Slam Exploration Ltd.

Slam Exploration Ltd.

November 28, 2012 09:25 ET

Slam Raises $460K to Drill New Gold Discovery

MIRAMICHI, NEW BRUNSWICK--(Marketwire - Nov. 28, 2012) -


SLAM Exploration Ltd. (TSX VENTURE:SXL) (the "Company") announced today that it has closed the first tranche of its previously announced non-brokered private placement (the "Private Placement") for aggregate gross proceeds of $459,500. Please see the Company's news release dated November 20, 2012 for further details regarding the Private Placement.

The Company issued 1,652,500 flow-through units (each, a "FT-Unit") at a subscription price of $0.20 per FT-Unit in connection with the first tranche, for aggregate gross proceeds of $330,500. Each FT-Unit is comprised of one flow-through common share in the capital of the Company and one-half of one common share purchase warrant (each whole warrant, a "Warrant"). The Company also issued 806,250 non-flow-through units (each, a "Unit") in connection with the first tranche at a subscription price of $0.16 per Unit, for aggregate gross proceeds of $129,000. Each Unit is comprised of one non-flow-through common share and one whole Warrant. The Company issued an aggregate of 826,250 Warrants as part of the FT-Units and an aggregate of 806,250 Warrants as part of the Units.

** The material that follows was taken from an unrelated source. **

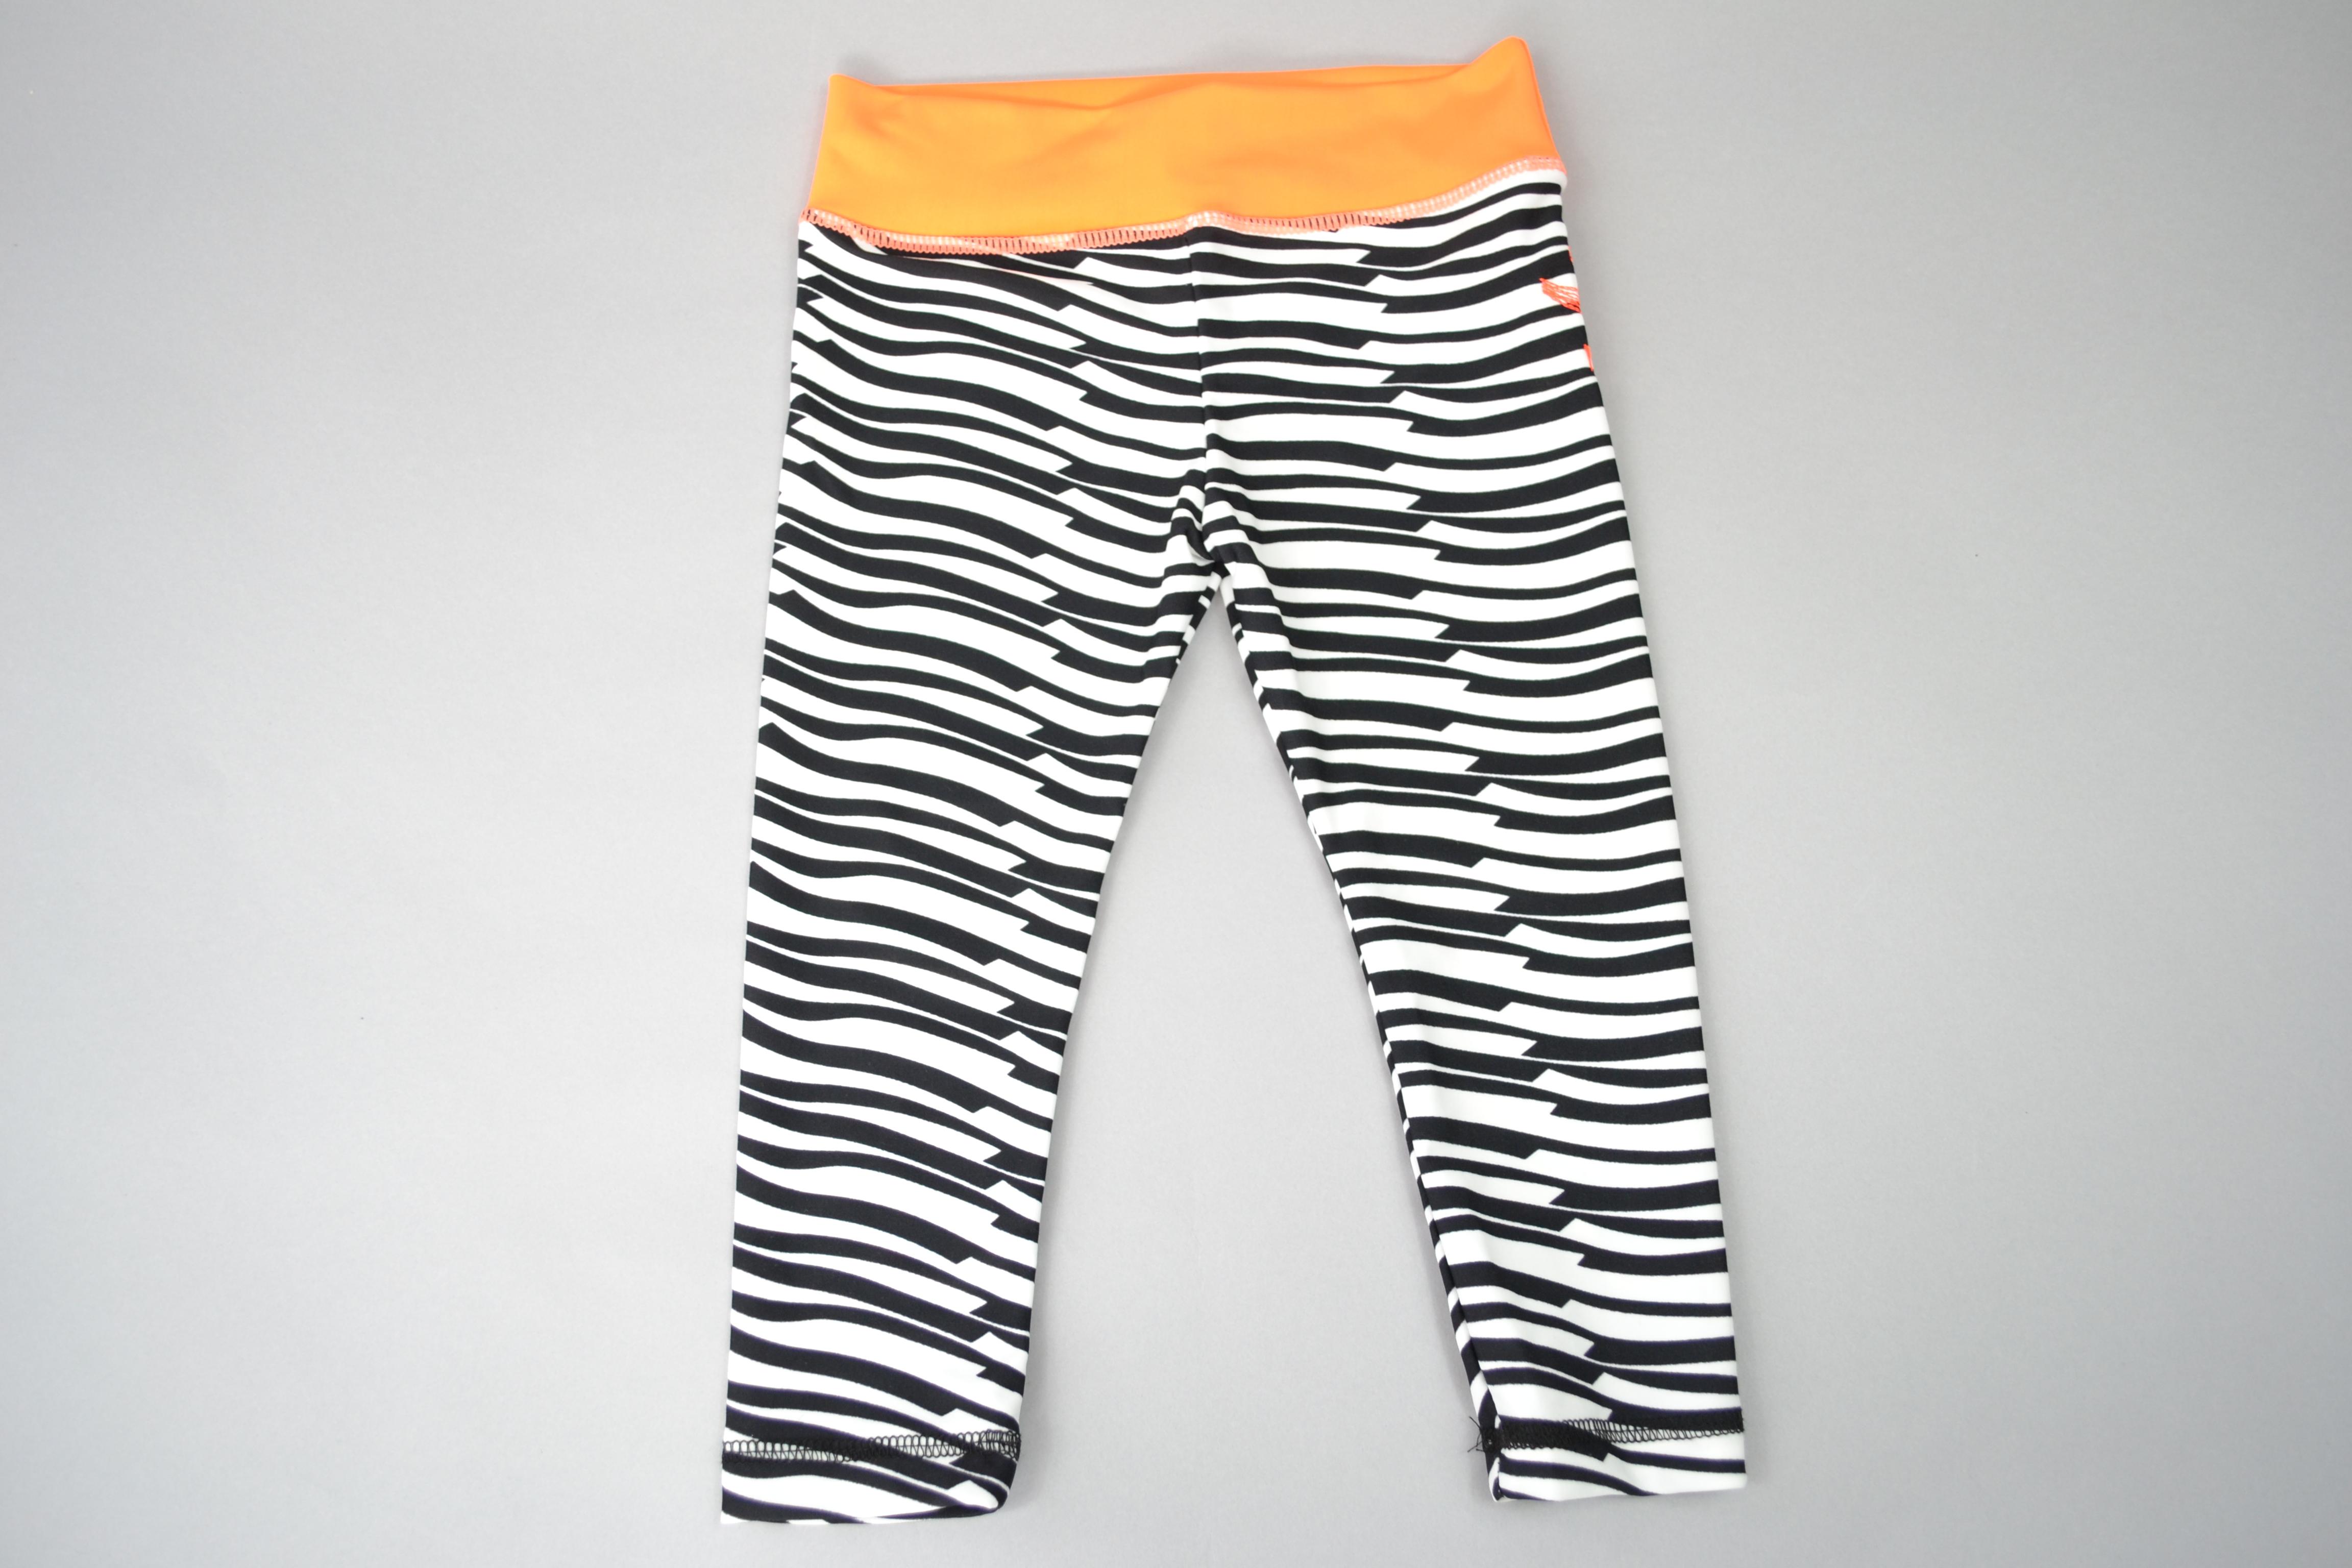 Kids Yoga Leggings - Zebra Pattern

Each Warrant entitles the holder thereof to acquire one non-flow-through common share at a price of $0.25 for a period of 12 months or at a price of $0.50 for an additional 12 months thereafter, expiring on November 27, 2014. The FT-Units and Units are subject to a four-month hold period expiring on March 28, 2013. A due diligence fee of $4,000 was paid in connection with the first tranche of the Private Placement but no finder's fees were paid.

The Company expects to complete a second tranche of the Private Placement on the same terms as the first tranche on or about November 30, 2012. The Company may pay finder's fees in accordance with the rules and policies of the TSX Venture Exchange (the "TSXV") on funds raised in connection with the second tranche.

Pursuant to Multilateral Instrument 61-101 - Protection of Minority Security Holders in Special Transactions ("MI 61-101"), the Private Placement constitutes a "related party transaction" as insiders of the Company subscribed for an aggregate of 300,000 FT-Units in the first tranche, or approximately 18% of the total number of FT-Units issued pursuant to the first tranche. The Company is relying on exemptions from the formal valuation and minority approval requirements of MI 61-101, based on a determination that the securities of the Company are only listed on the TSXV and that the fair market value of the first tranche, insofar as it involves interested parties, does not exceed $2,500,000 and/or 25% of the market capitalization of the Company at the time the Private Placement was initially announced. The Private Placement was approved by all of the independent directors of the Company.

For additional information about the Private Placement call Darlene Ettinger at 506-627-1353 or 1.866.523.6719. The proceeds from the issuance of the FT-Units will be used to fund exploration on the Company's gold and base metal projects mainly in New Brunswick. The proceeds from the issuance of the Units will be used for general corporate purposes. The Private Placement remains subject to the final approval of the TSXV.

About SLAM Exploration Ltd.

SLAM is a mineral resource company based in Miramichi, New Brunswick and is actively exploring new gold discoveries on its Menneval and NW Gold projects in northwestern New Brunswick. In addition, the Company owns the Nepisiguit and Nash Creek silver-base metal deposits, both NI 43-101 compliant and located in New Brunswick. The Company also owns a significant gold portfolio in Ontario including the Reserve Creek gold deposit. Additional information about SLAM and its projects is available at or from SEDAR filings at Follow us on twitter @SLAMGold.

Certain information in this press release may constitute forward-looking information, including statements that address the Private Placement, the completion of the second tranche of the Private Placement, future production, reserve potential, exploration and development activities and events or developments that the Company expects. This information is based on current expectations that are subject to significant risks and uncertainties that are difficult to predict. Actual results might differ materially from results suggested in any forward-looking statements. The Company assumes no obligation to update the forward-looking statements, or to update the reasons why actual results could differ from those reflected in the forward looking-statements unless and until required by securities laws applicable to the Company. There are a number of risk factors that could cause future results to differ materially from those described herein. Information identifying risks and uncertainties is contained in the Company's filings with the Canadian securities regulators, which filings are available at

Neither the TSXV nor its Regulation Services Provider (as that term is defined in the policies of the TSXV) accepts responsibility for the adequacy or accuracy of this release.